The Kingpin of Camelot (A Kinda Fairytale Book 3)

By: Cassandra Gannon



Three Days Ago

Avalon Pendragon wanted her daddy.

Her mommy was locked up in the dungeon, and her house was full of mean people, and the Scarecrow kept yelling at her, and she just wanted her daddy to come and make everything okay.

Since that wasn’t happening today, she comforted herself with her drawings. Avalon liked to draw. Her mommy said she was the best artist in the whole world and had set up a special place for her, on the western terrace of the palace, where she could create her masterpieces in the open air. Usually, Avalon used her crayons to color flowers and dolphins and the rocking-horseflies in the garden. But lately all her pictures featured a mighty queen with an eyepatch and wings, who would sweep down to get rid of all the mean people forever. Avalon liked those pictures.

“Now isn’t the time to obfuscate.” The Scarecrow paced around the veranda, trying to hide the fact that he hated her under his phony smile.

It was a gloomy day, a cold breeze cutting across the kingdom. From the terrace, Avi could see straight down the hill to the foggy forest and then to Mount Baden far in the distance. All of it was dreary. Avalon missed the sun, but it would stay away until Camelot was happy again.

“We need to identify where the wand is located and it’s incumbent on you to relay the information forthwith.” The Scarecrow nodded like she was supposed to know what all of that meant. “It’s imperative that you cooperate, Princess Avalon.”
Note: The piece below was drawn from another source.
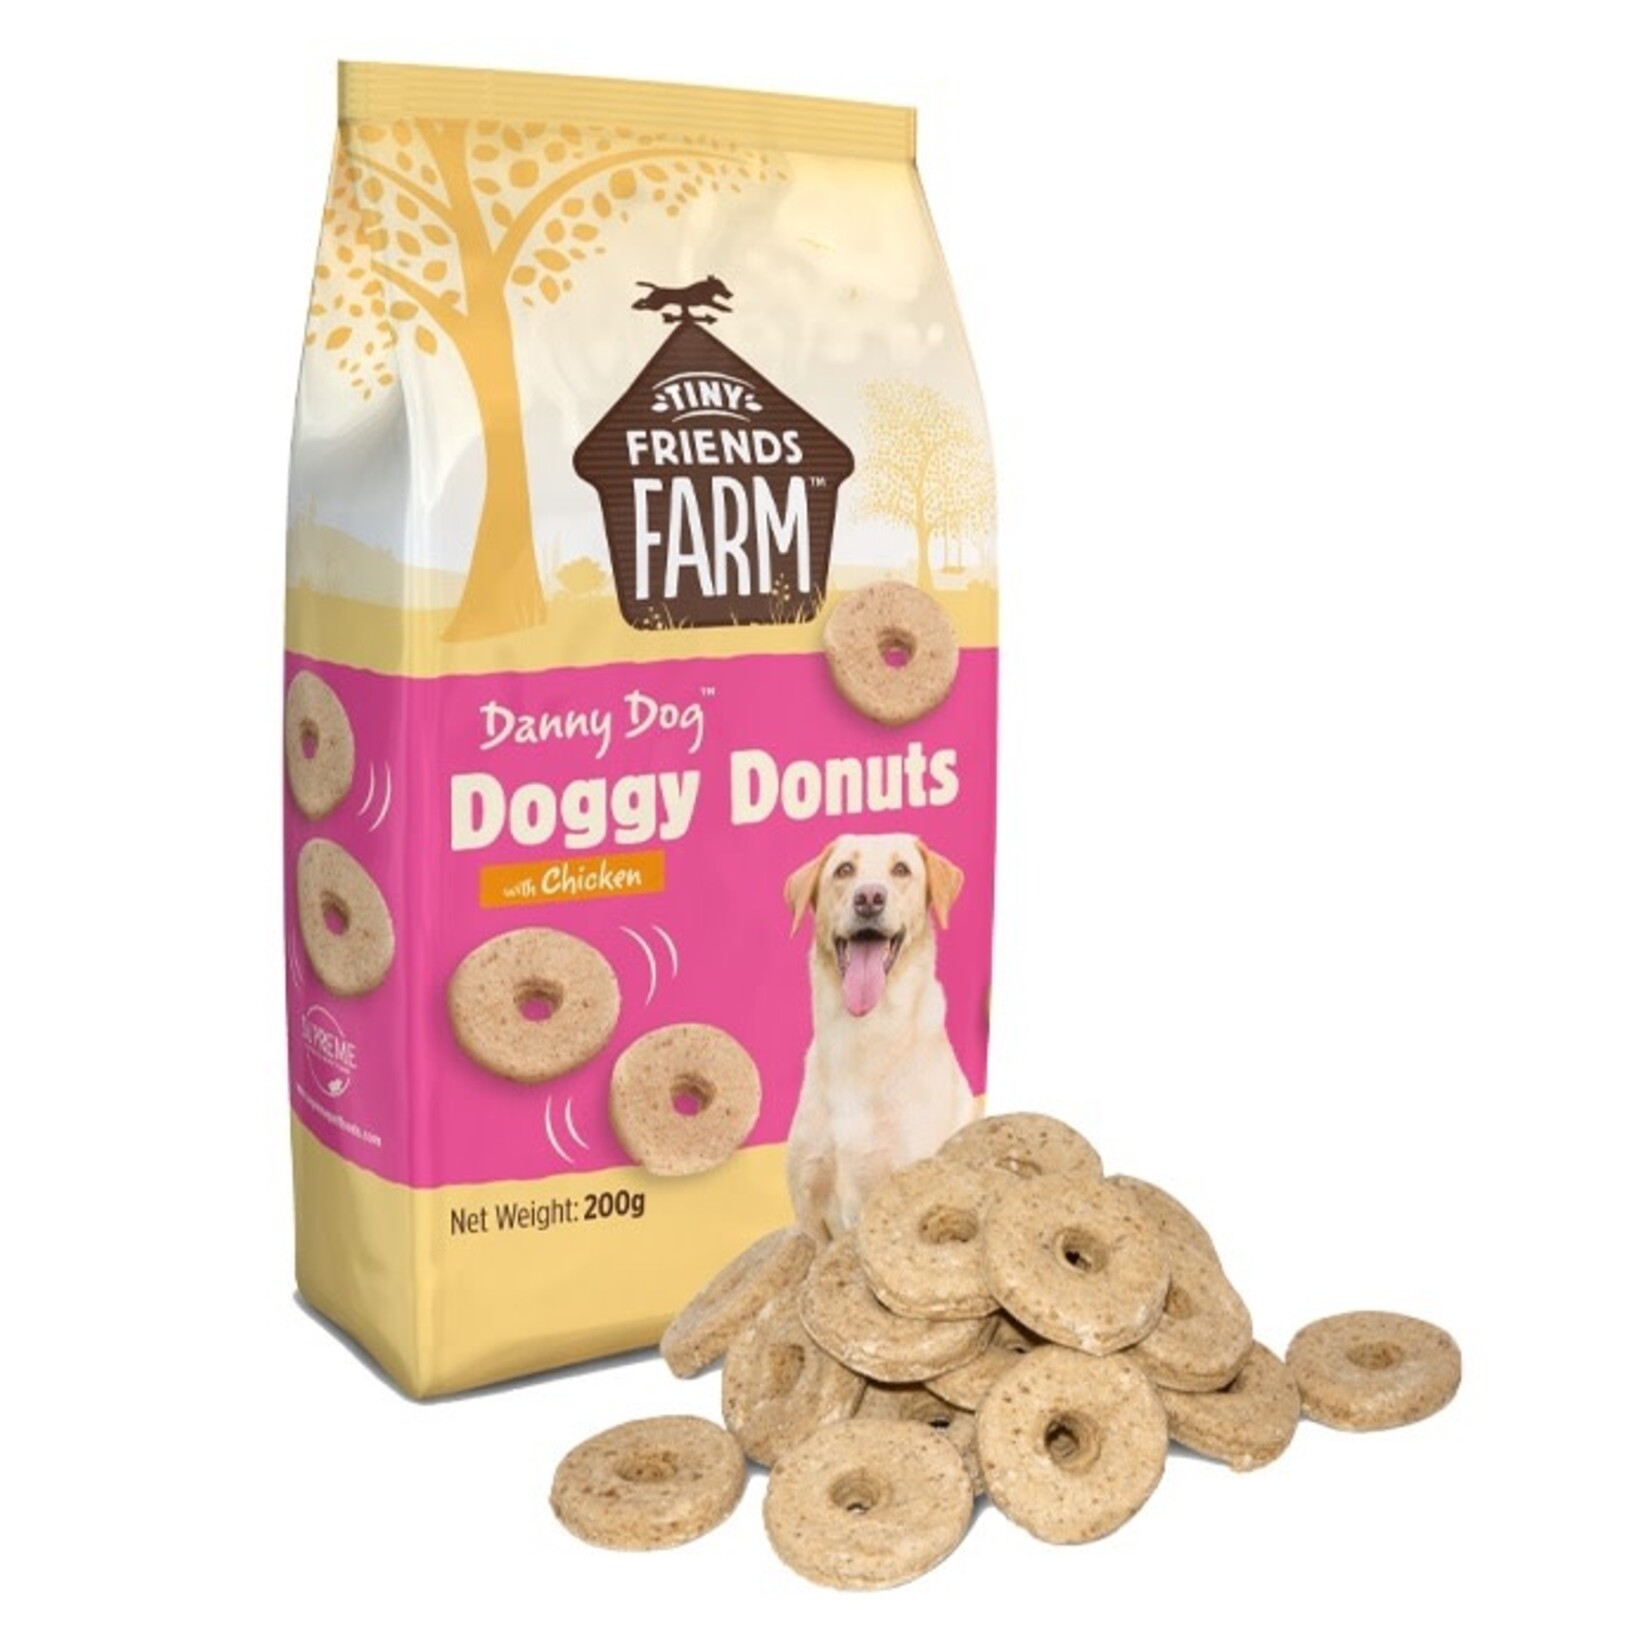 Supreme Tiny Friends Farm Danny Dog Doggy Donuts Chicken Treats, 200g

Of all the people in the world, the Scarecrow was her least favorite. Not just because he was ugly and talked funny, but because he was the meanest of them all.

He was ugly, though.

His head was made of burlap, with painted features that somehow moved, and a wide-brimmed felt hat. He dressed in a long coat made up of different patches of fabric all sewn together. Avalon had heard someone say that each square had been ripped from the clothing of his victims. That was just icky, because some of them still had blood stains on them.

Most gross of all, of course, were the birds. The Scarecrow’s body was made of straw and kindling, his arms “comprised” of many branches that he could “articulate” like “appendages.” Those were the words Avalon had heard him using to describe his weird finger-y sticks, anyhow. The Scarecrow liked to use big words when he talked. She wasn’t always sure what they all meant, but she kinda thought that was the point of him using them. To make everybody think they were dumber than him.

As if the bundles of wooden twigs he used as hands weren’t creepy enough, inside his torso and limbs lived dozens of blackbirds. They nested in the hay and sticks, always ready to do his bidding.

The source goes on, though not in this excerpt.